In light of a six per cent wine sales drop according to the 2024 LCBO annual report, natural wines have been used to shift the narrative that wines are processed and artificial.
“You get the health benefits from the natural end of this wine, but people tend to think that these wines are more authentic,” said Roderick Phillips, history professor at Carleton University and a wine writer who studies changes in alcohol consumption.
“Young people are drinking less alcohol and the wine industry is feeling pretty hard hit by that,” said Phillips. “They’re trying to devise all kinds of ways of persuading young people to drink more wine.”

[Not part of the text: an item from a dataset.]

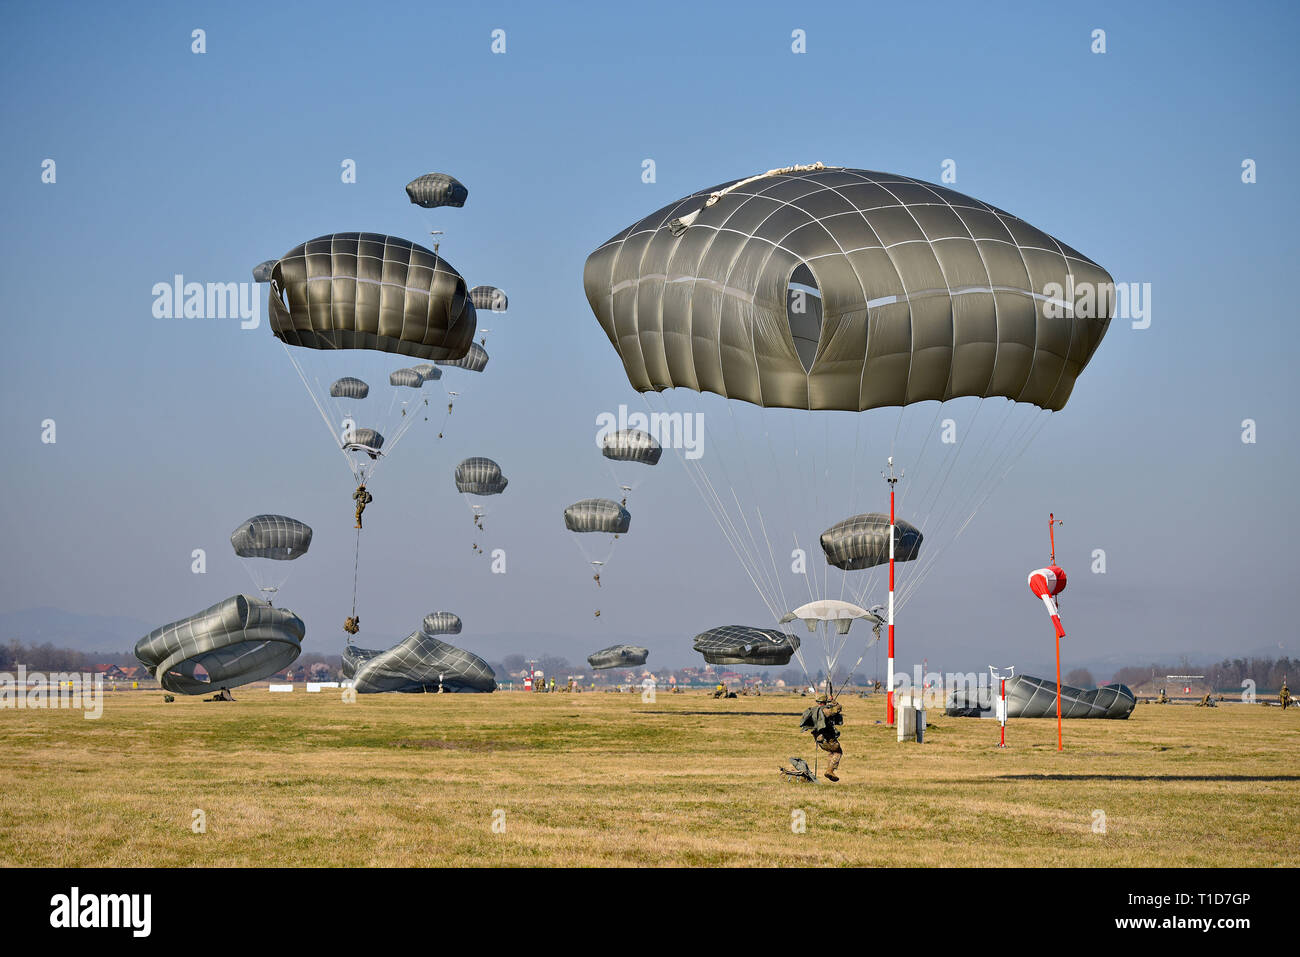 U.S. Army Paratroopers assigned to 1st Battalion, 503rd Infantry Regiment, 173rd Airborne Brigade, descend onto Cerklje Drop Zone in Slovenia, Mar. 22, 2019 after exiting from C17 Globemaster III Aircraft from Papa Air Base, Hungary, during an airborne operation as part of exercise Eagle Sokol. Exercise Eagle Sokol is a bilateral training exercise with the Slovenian Armed Forces focused on the rapid deployment and assembly of forces and team cohesion with weapon systems tactics and procedures. Exercises such as this build a foundation of teamwork and readiness between allied NATO countries. Th Stock Photo

“The consumer is more mindful of choosing a wine that is more holistically made in both the vineyard and the wine making space. It’s ultimately better for the consumer physically, and exhibits sustainable regenerative agriculture and wine growing techniques,” said Davies.
“Whether it is due to social media or taking wine courses to be a more educated consumer, people want to know that their wine has been made with as few interventions in the process as possible.”
The next ‘craft beer’?
In 2024, beer sales dropped by seven per cent, the LCBO annual report found. Jordan St. John, beer expert, author and professor at the beer specialist program at George Brown College, said craft beers are a product of their generation and that natural wines are similar.
“Craft beer relied to some extent on venues. When you consider the shift in demography in Ontario, it’s evident that the Millennial generation is an echo of the boomer generation and for that reason fairly populous,” St. John said.
“Having reached a median age of about 38, many of them are not going out anymore in the way that they did. It’s quite difficult to justify spending $10 on a pint of beer or $80 on a night out.”
According to St. John, the rise of natural wines has many parallels to craft beers.
“Natural wine is a subset. You have wine, a category which includes cheap plonk, good wine which I’d equate to craft beer and then natural wine which I’d equate to something like Belgian Saison,” St. John said, referring to a more unique type of beer.
The fact that [natural wine] is small production gives it something special: it’s not mainstream; it’s slightly out of left field and it gives them a certain amount of cultural value.
Roderick Phillips, wine expert
Sarah Arian says young people are enjoying exploring natural wines.
“There’s a curiosity around natural wine, you have to go out of the way to expose yourself to these wines,” says Arian. “It would be nice to have [more of] them at the LCBO, but once you have things so easily accessible, you take them for granted.”
Phillips says natural wine has mostly steered clear of the mainstream and embedded in café shelves, wine bars and specialty wine markets.
“Natural wine producers are generally small scale. People think that’s more craft and I think that’s the kind of impetus that drives people to them,” said Phillips. “The fact that [natural wine] is small production gives it something special: it’s not mainstream; it’s slightly out of left field and it gives them a certain amount of cultural value.”